Posted: May 14, 2021 at 23:26 Quote
eshew wrote:
The monster T2 doesn't have the higher end cartridge of the regular monster or Super. No adjustments at all, just springs, and a very low end damper in both legs. It does look cool though, i rebuilt one a few years back & sold it. They hold around 750ml of oil & are heavy, like SUPER heavy.

Just like you guessed converting to the Super Monster would require literally everything changed aside from the crown & lowers I'd guess

Longer springs, cartridges & stanchions. All things that would be just about impossible to source.

Of course if you aren't looking to ride it, just look at it. You can always pull the stanchions out far enough on the T2 to look like a super monster.

"Ride and Work" you just hit the nail on the head there, mate. Same here, except more working, less riding Frown

Can you explain more about the dampers? I heard the Monster came with either hscv or SSV, neither of which I know anything about. What year is the Monster T2 that only came with springs? and by damper do you mean an open bath?

I have a 2002, and the 'adjusters' on it don't seem to do anything. A guy told me it was a hscv, but again I don't know what that means... thanks for any help!

Posted: May 14, 2021 at 23:37 Quote
The t2 had no adjusters, can't remember the year(s) but most T2's were oem.

If your adjusters do little to nothing confirm the oil is at the right height & weight. Stock should be golden spectro 125/150.

The SSV is a primitive damper, just an orifice aka hole that slows the oil in & out.

The HSVC is the best for the old Marzocchi's. More supple and firm depending on the input.

A good example of the difference would be riding down a trail at high speed and hitting a 4-5" root or rock without being prepared. The SSV would have a tendency to spike aka not be a good shock absorber. While the HSVC will take the hit without making you eat dirt or have your hands try & fly off the bars like the SSV.

Posted: May 14, 2021 at 23:52 Quote
eshew wrote:
The t2 had no adjusters, can't remember the year(s) but most T2's were oem.

If your adjusters do little to nothing confirm the oil is at the right height & weight.
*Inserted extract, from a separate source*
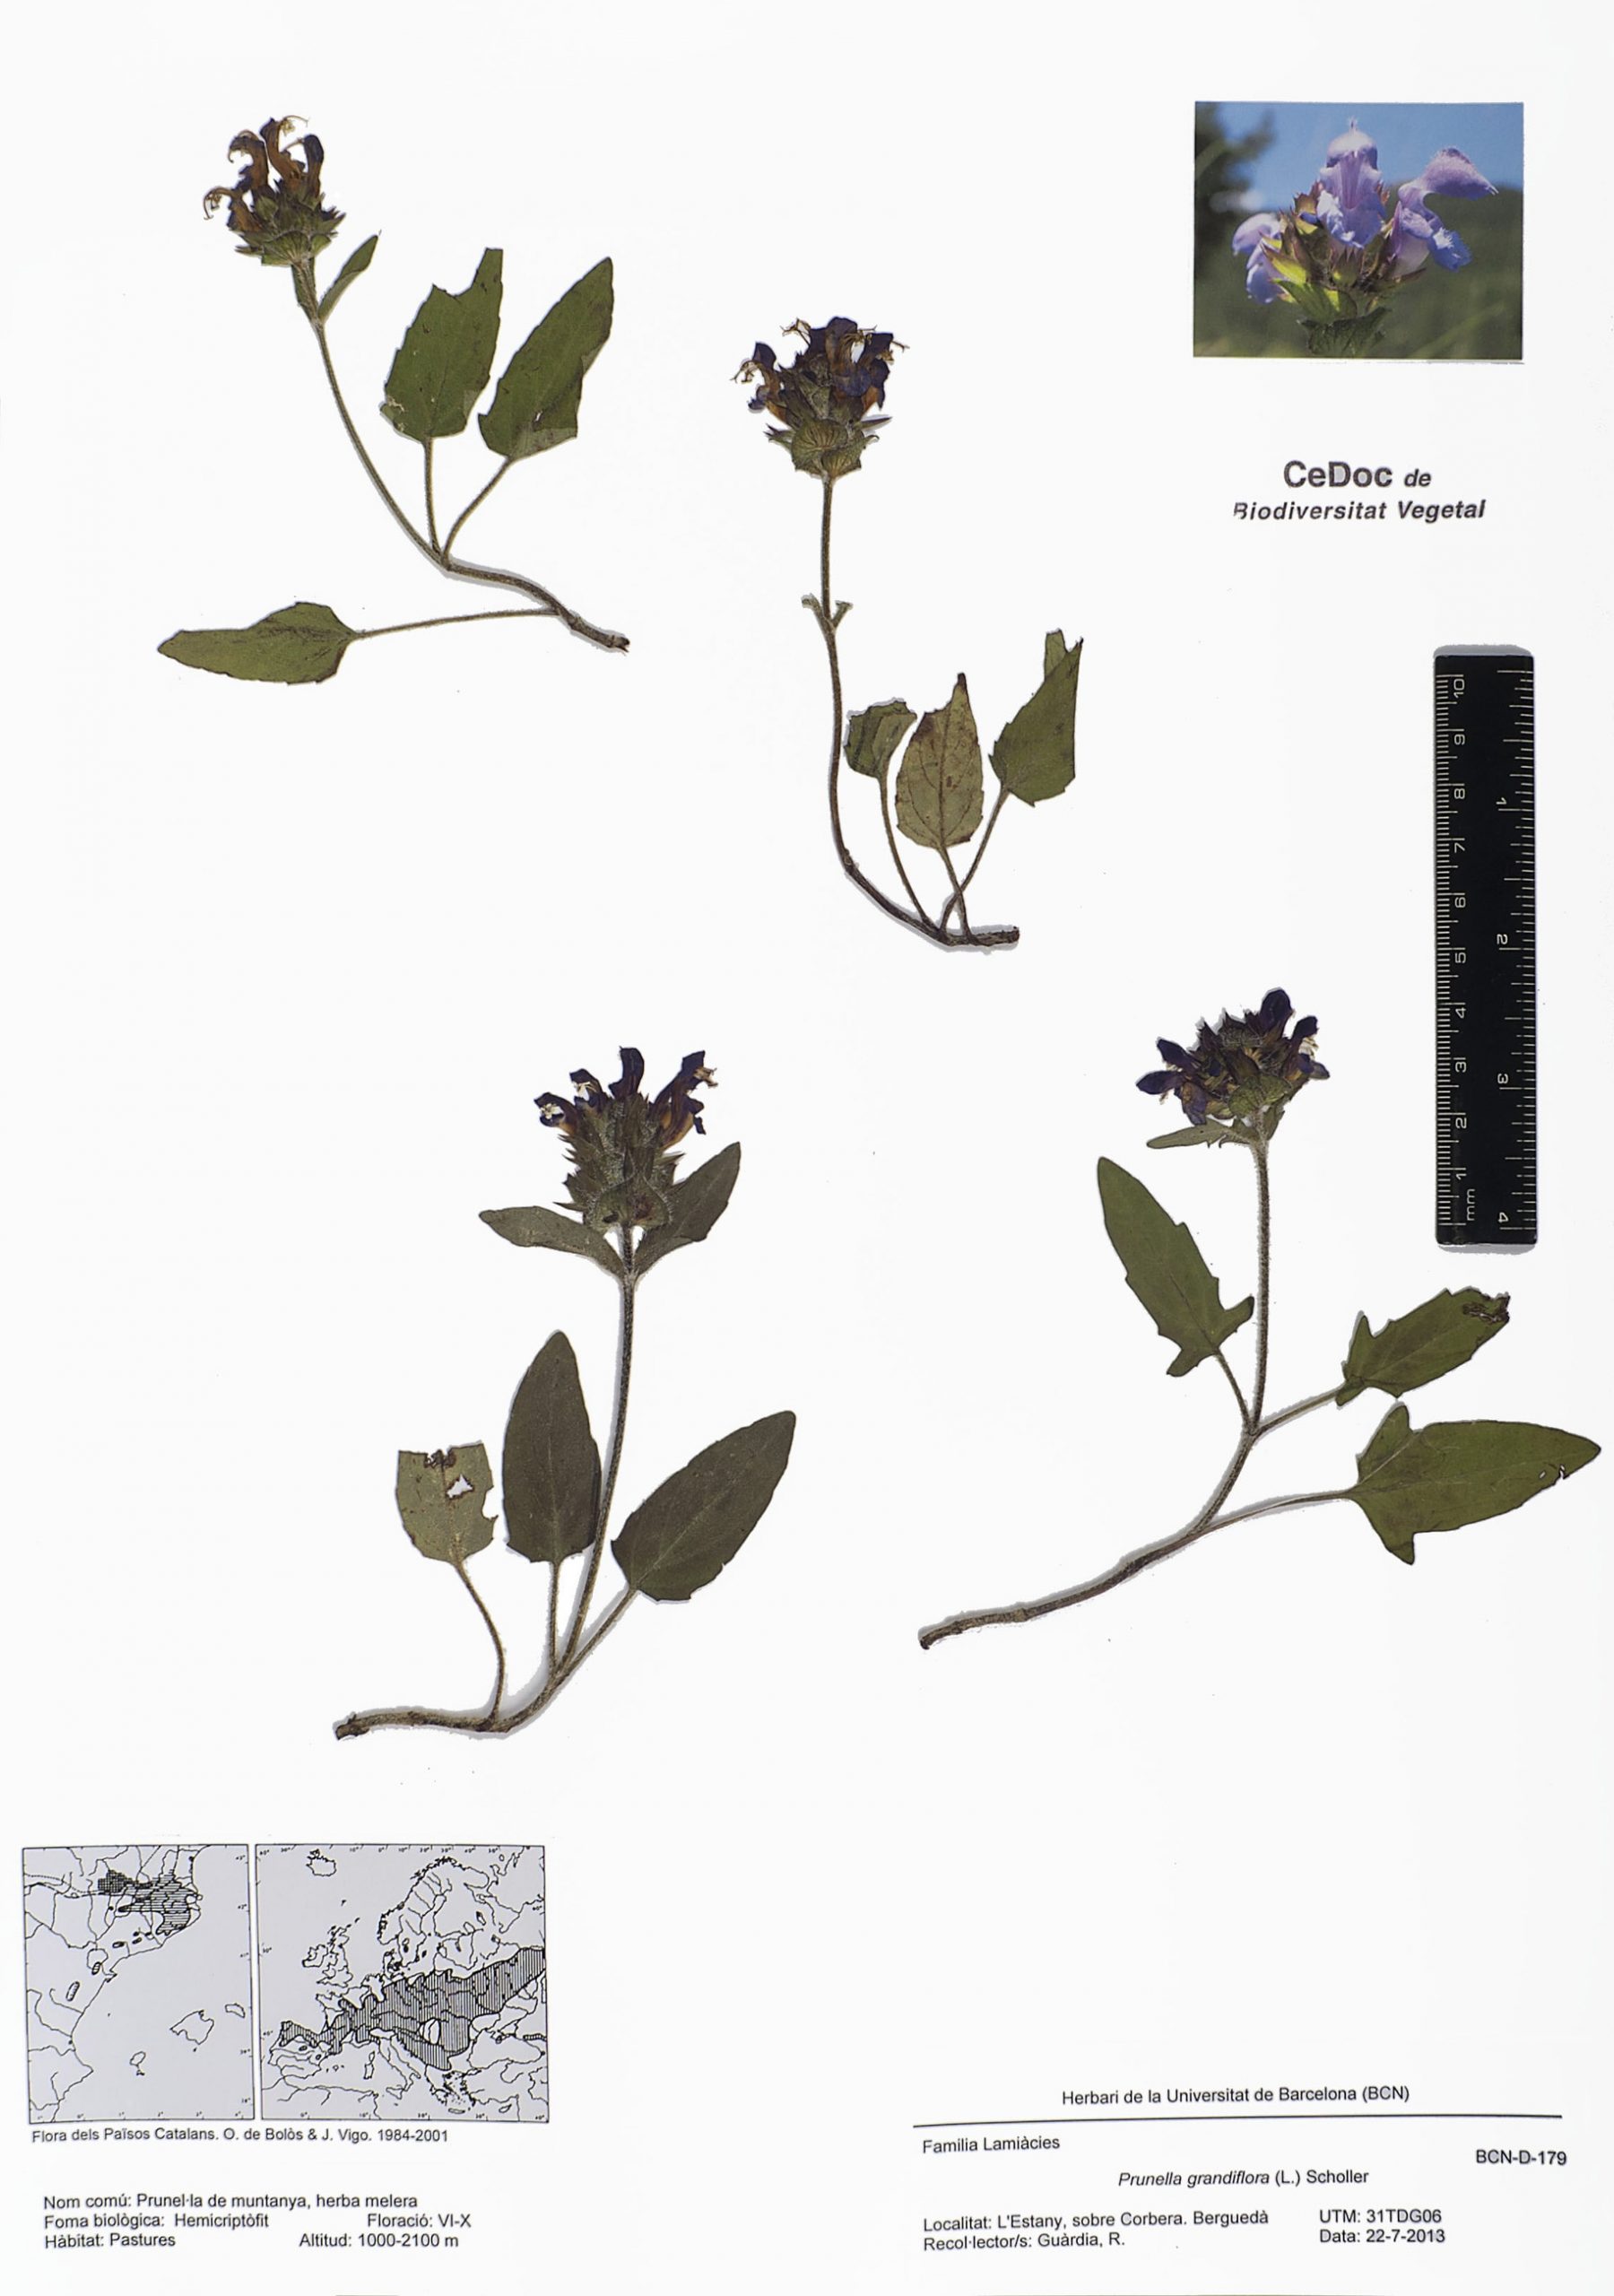 Prunella grandiflora (L.) Scholler (Prunel·la de muntanya, herba melera)

Stock should be golden spectro 125/150.

The SSV is a primitive damper, just an orifice aka hole that slows the oil in & out.

The HSVC is the best for the old Marzocchi's. More supple and firm depending on the input.

A good example of the difference would be riding down a trail at high speed and hitting a 4-5" root or rock without being prepared. The SSV would have a tendency to spike aka not be a good shock absorber. While the HSVC will take the hit without making you eat dirt or have your hands try & fly off the bars like the SSV.

Makes great sense, Thank you. I will look into the oil.

were you a mechanic or just happen to like Marzocchi and know a lot about them?

Posted: May 15, 2021 at 7:25 Quote
The 2nd. In college rode a bunch. 20 years later still riding but do all my own service for a hobby. Marzocchi fork rebuilds are the.most rewarding. Pretty rare to open up a Marzocchi fork that's not worth saving. Can't say the same for the others.

Posted: May 15, 2021 at 10:02 Quote
eshew wrote:
The 2nd. In college rode a bunch. 20 years later still riding but do all my own service for a hobby. Marzocchi fork rebuilds are the.most rewarding. Pretty rare to open up a Marzocchi fork that's not worth saving. Can't say the same for the others.

I wish other manufacturers would actually strive to be the kind of companies that deserve comments like this.